Прощай, любовь моя, да будут прекрасными твои дни,
Твой Джо
Приезд моей матери предвозвестило прибытие ее новых дорожных сундуков, сделанных для нее на заказ в Америке: двухтонные, серые, с латунными замками, украшенные большими черными «М» и «Д». Их было шесть, каждый величиной с кладовку. Они перегородили нашу прихожую, как каменный забор с монограммами. После того как их разгрузили, их серые камчатные недра стали моими любимыми игрушечными домами.
В первый момент я не узнала тоненькую изящную леди, вошедшую в наш дом — но когда она покрыла меня поцелуями, все стало ясно: вернулась моя мама. Все же разница чувствовалась: какая-то новая властность, уверенность в себе, как будто королева стала королем. Я, конечно, облачилась по такому торжественному случаю в свой индейский костюм. Она упала на колени, тиская и сжимая меня так сильно, что я чуть не задохнулась.

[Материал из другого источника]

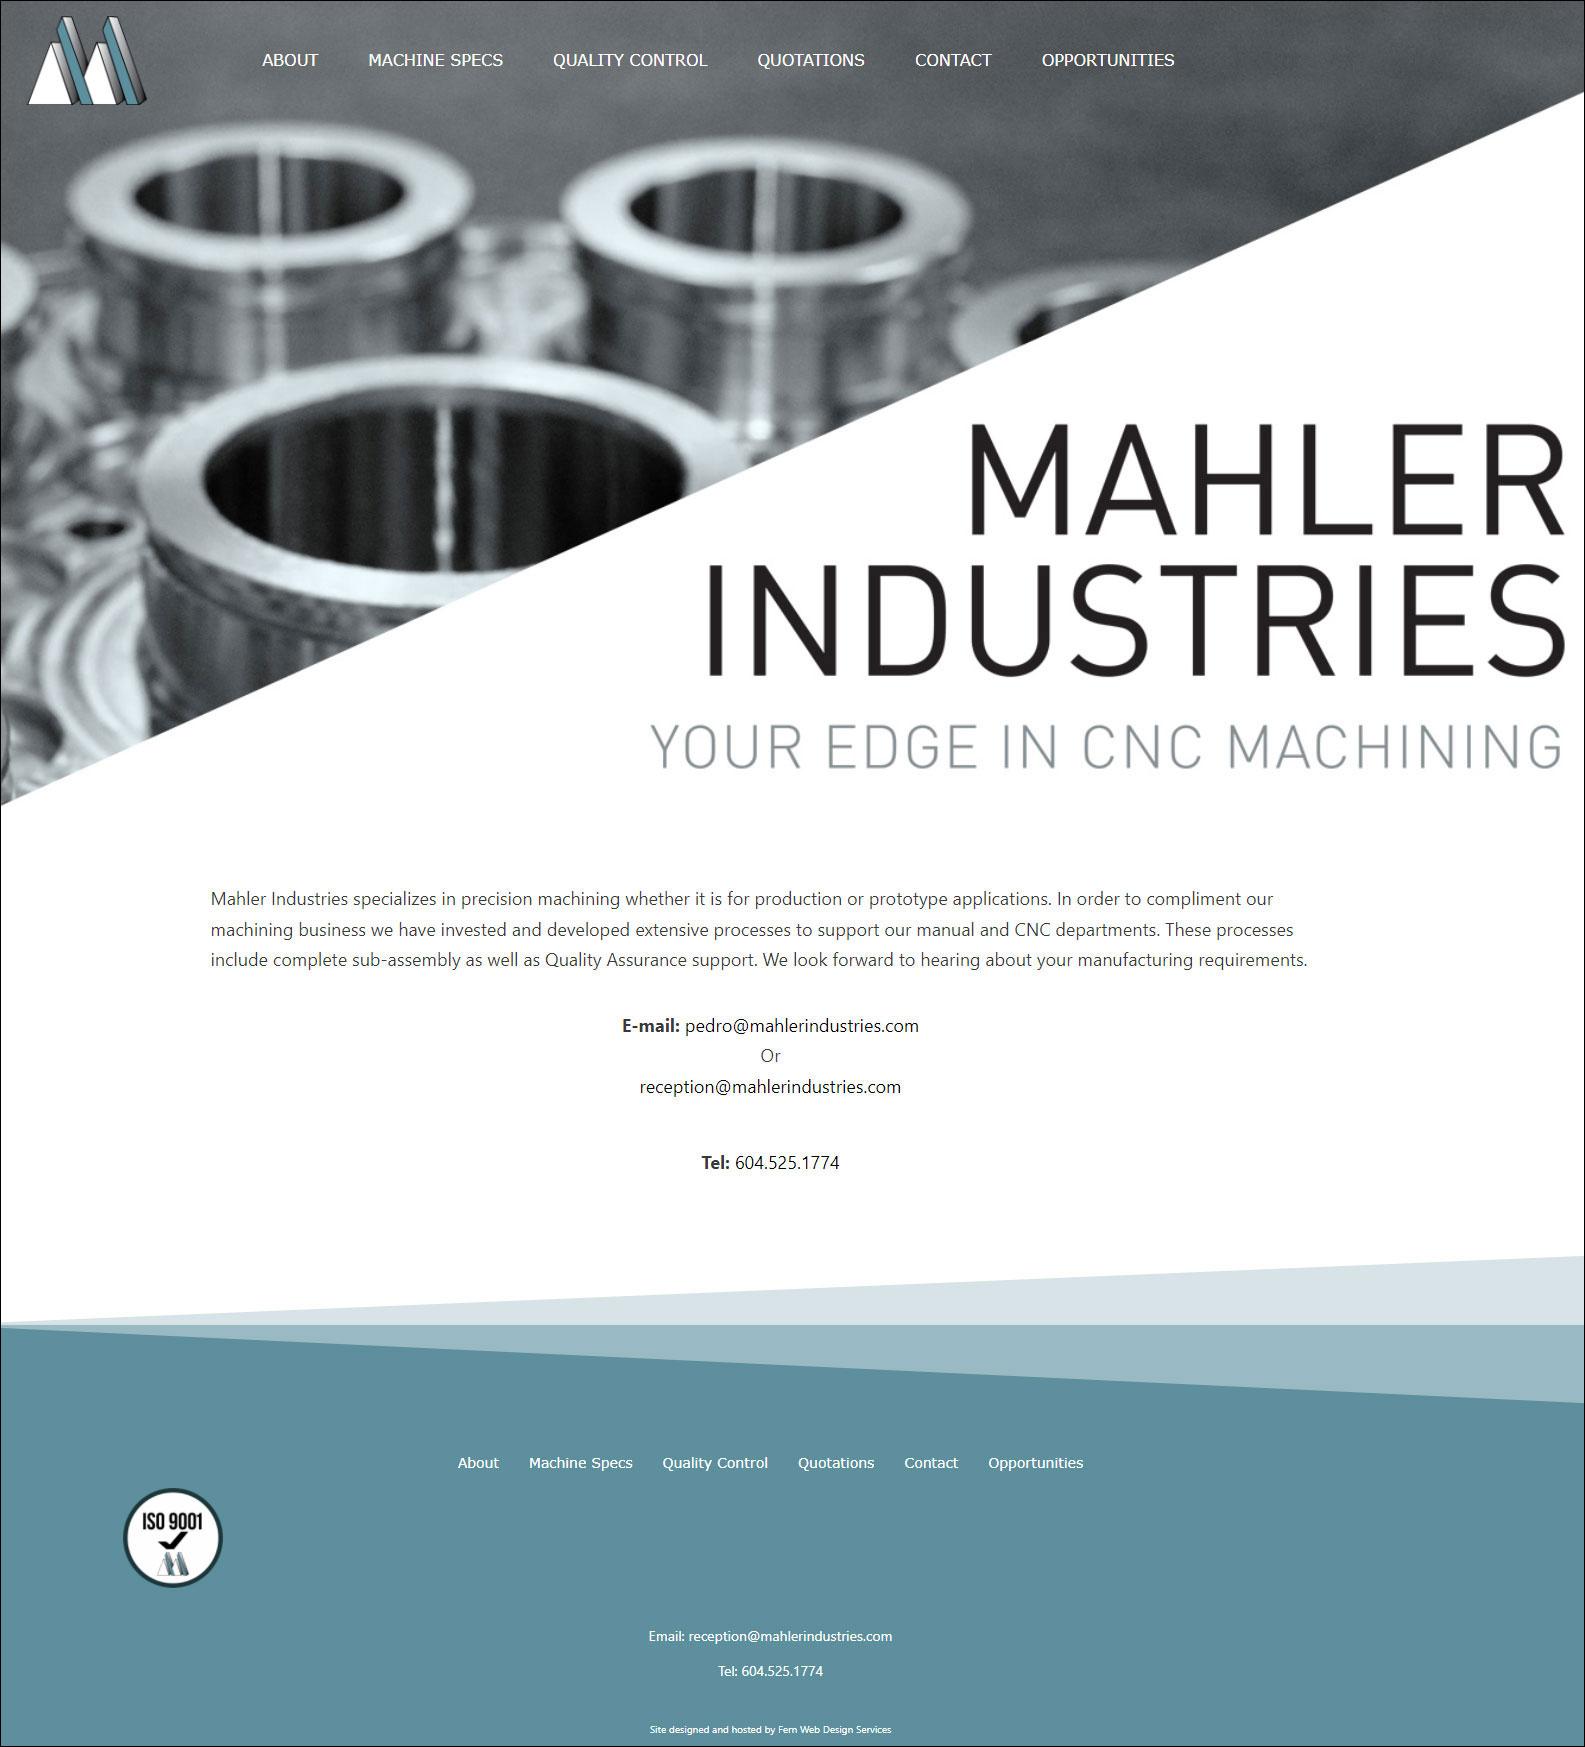 Mahler Industries

— Что? Ты простужена? Папи! У Ребенка кашель! Я оставила тебя больной, возвращаюсь — ты снова больна? Немедленно снять этот дурацкий наряд и марш в постель… — Жизнь вернулась на круги своя.
Поприветствовать мою мать сбежались все ее берлинские друзья. Ловя каждое ее слово, мы слушали голливудские истории, мы слушали, как снимались ее первые американские фильмы.
— Погодите, вот увидите «Марокко». У вас дух захватит — и это все работа фон Штернберга. Я выгляжу сногсшибательно, крупные планы — восторг. Но когда дойдет до рук… — толстуха! И такая же беда с бедрами. Ноги, конечно, мы должны были показать, но Джо больше не хотелось выставлять пояс с подвязками; кроме того, в Америке они из подвязок делают дело. Подвязки их шокируют — как будто это что-то из Маркиза де Сада. Так что мы остановились на шортах из черного бархата — чтобы скрыть бедра. И снова беда! Из-под черной линии шорт белые бедра просто выпирали, но я поправила дело длинным боа с бахромой. Я свешивала его на то бедро, которое было ближе к камере!»